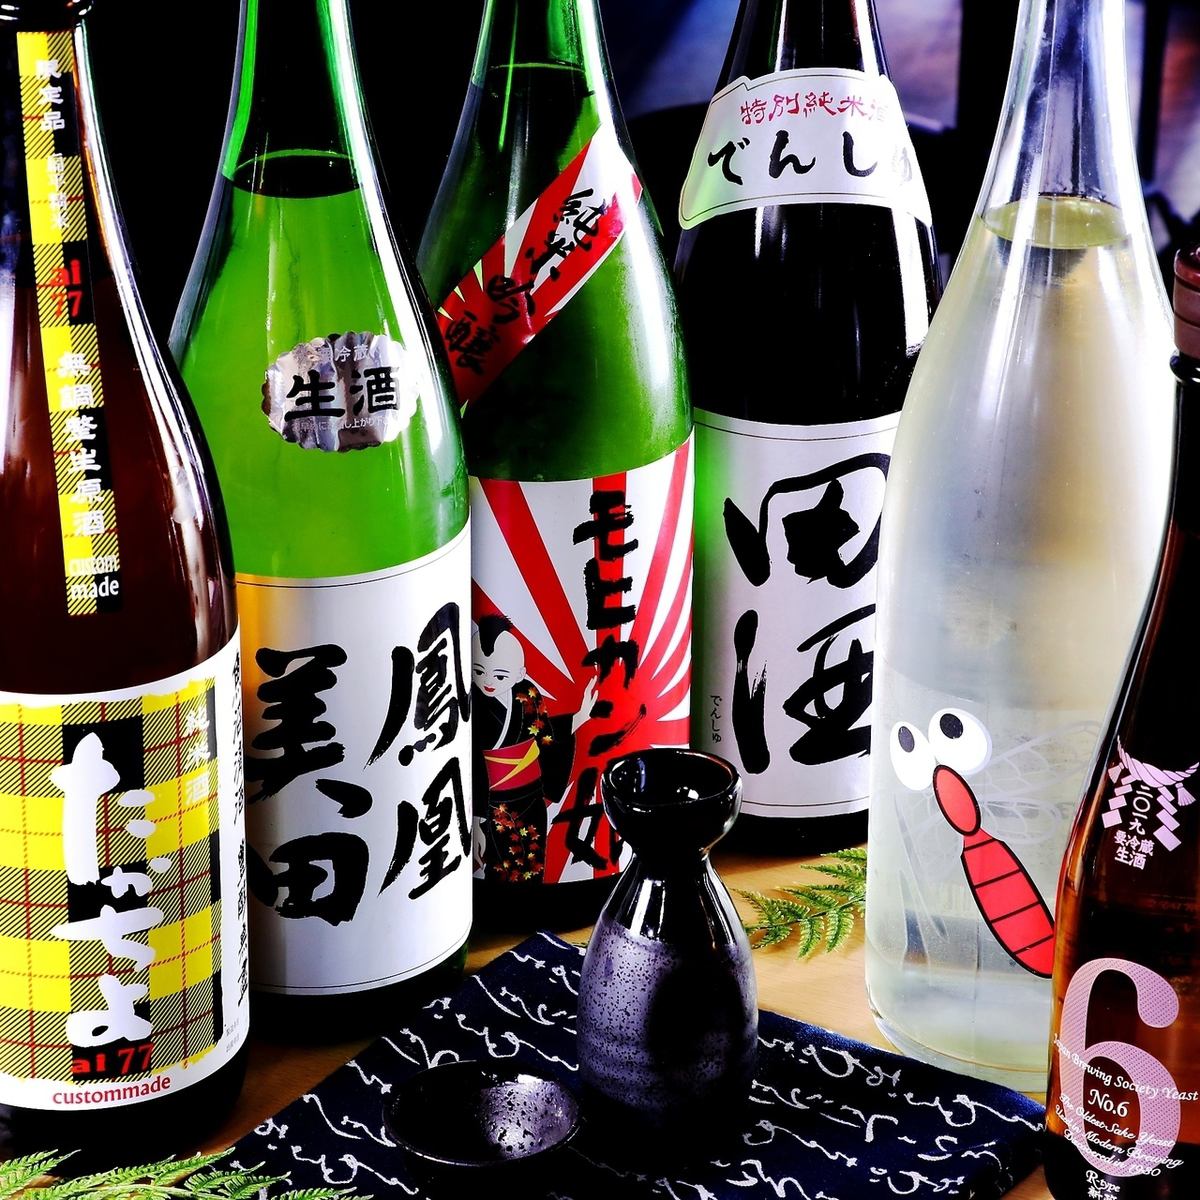 还有电酒、有马No6等人气品牌，也请品尝日本酒！
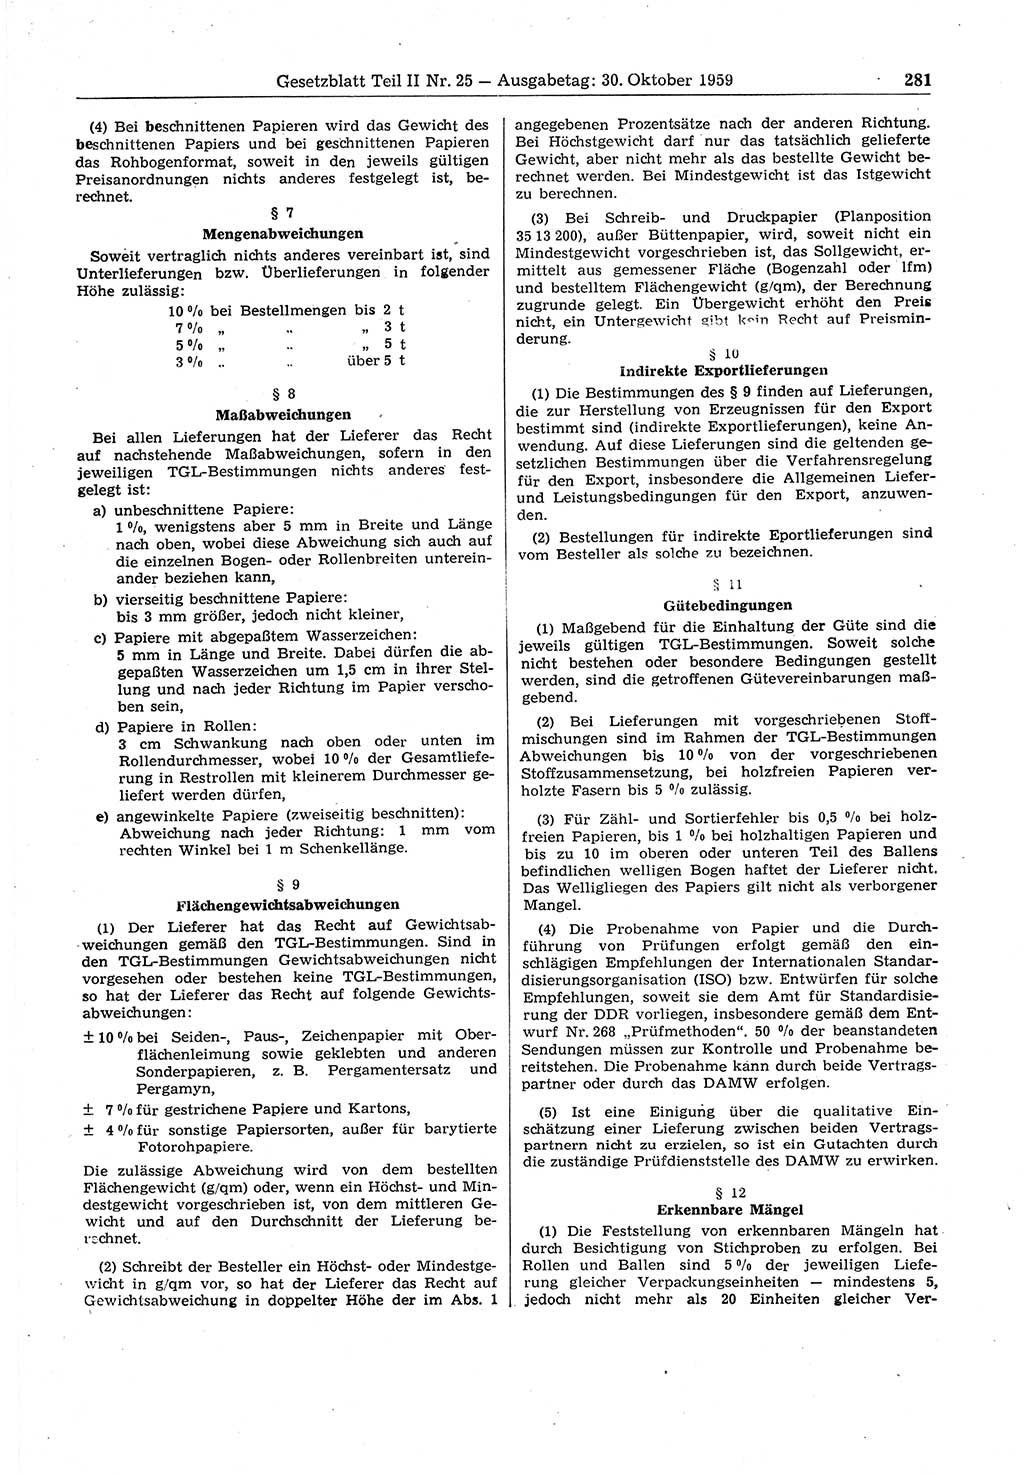 Gesetzblatt (GBl.) der Deutschen Demokratischen Republik (DDR) Teil â… â… 1959, Seite 281 (GBl. DDR â… â… 1959, S. 281)
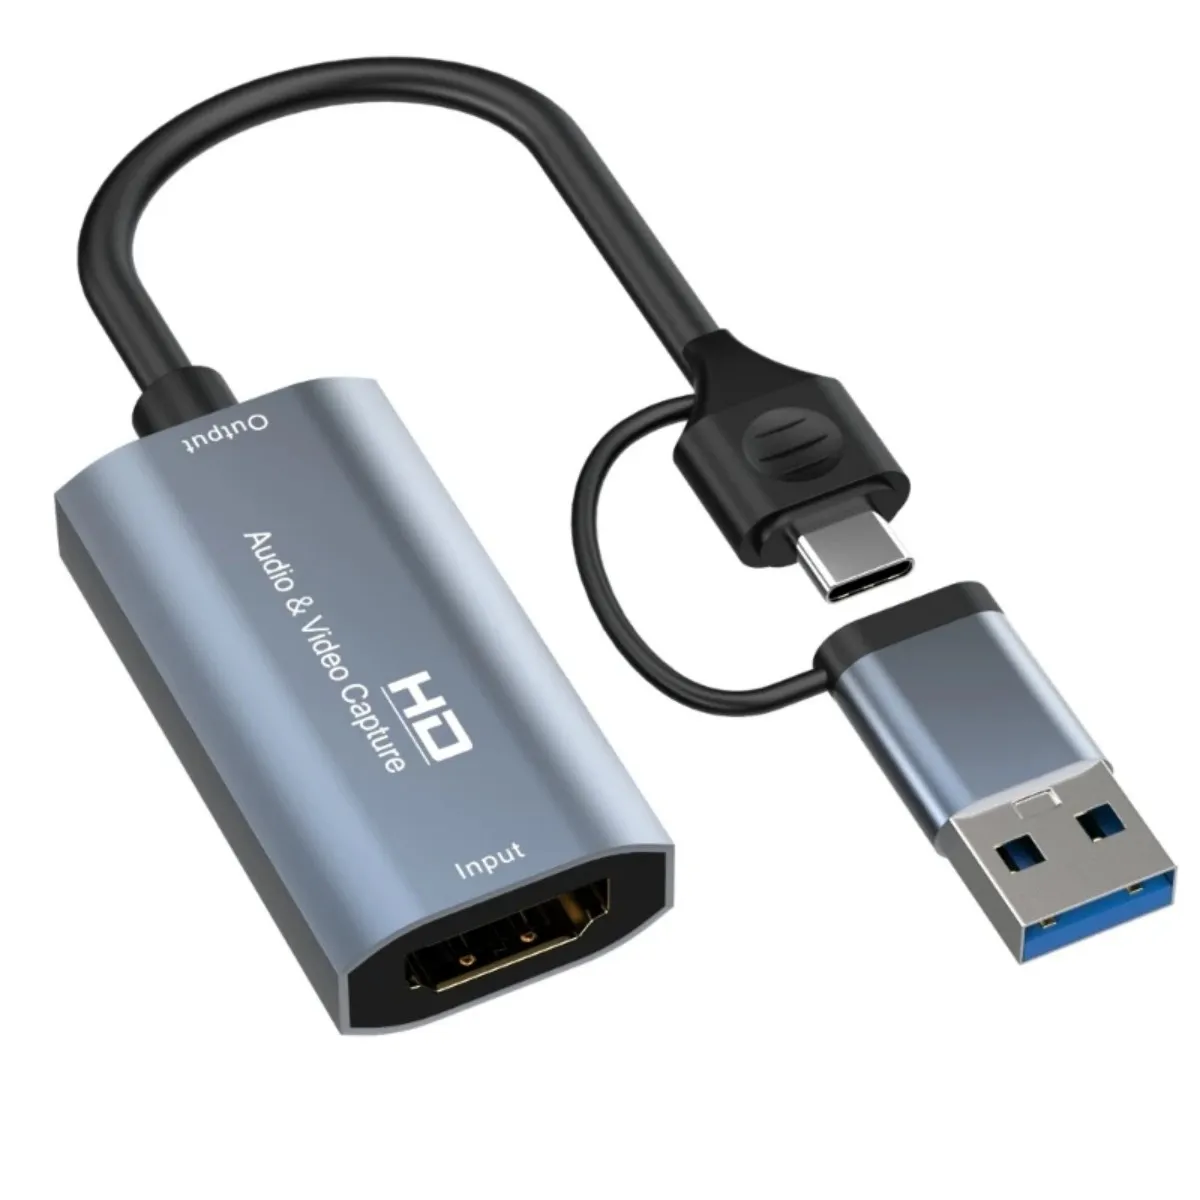 USB 2.0 Video Capture Card Audio Grabber,for DVD,VHS,V8,8MM Video
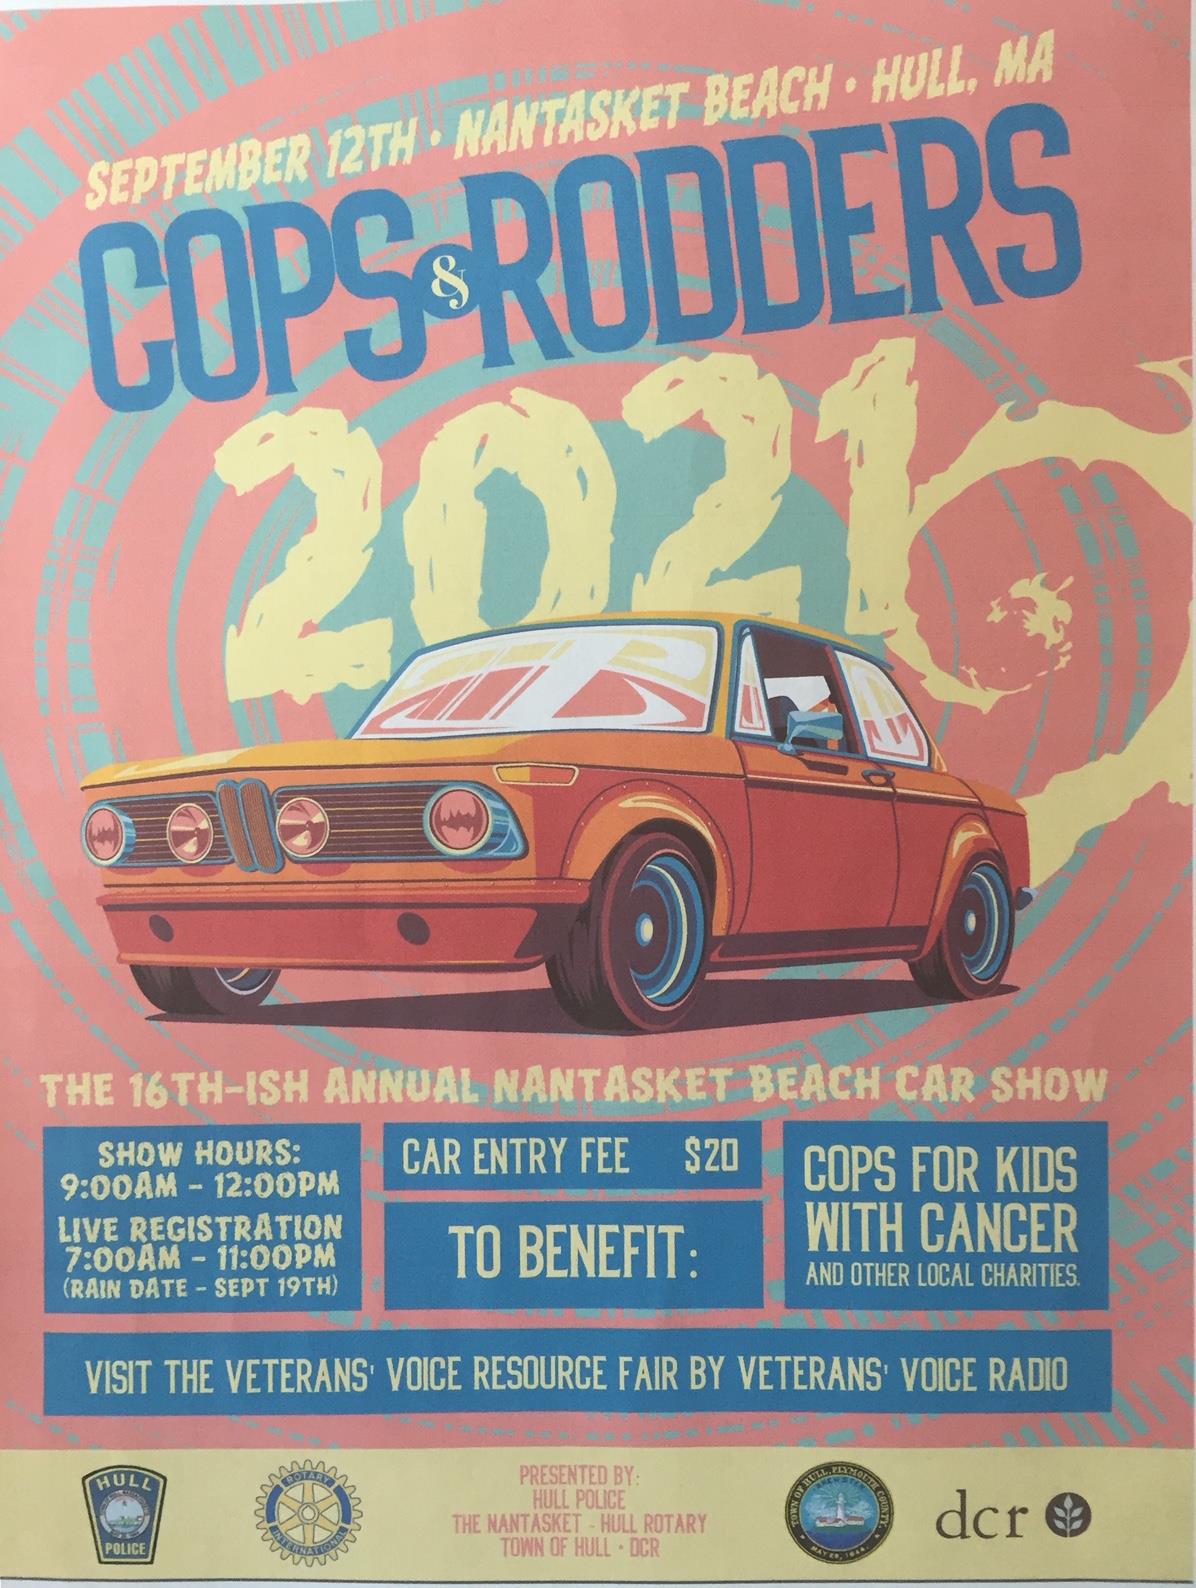 2021 Cops & Rodders flyer image

————————

**Assignment**
The required output is the span of lines from the line with "USB 2.0 Video" through the final line of the listing above, reproduced exactly, minus the pictures.

**Final answer**
 USB 2.0 Video Capture Card Audio Grabber,for DVD,VHS,V8,8MM Video
 2021 Cops & Rodders flyer image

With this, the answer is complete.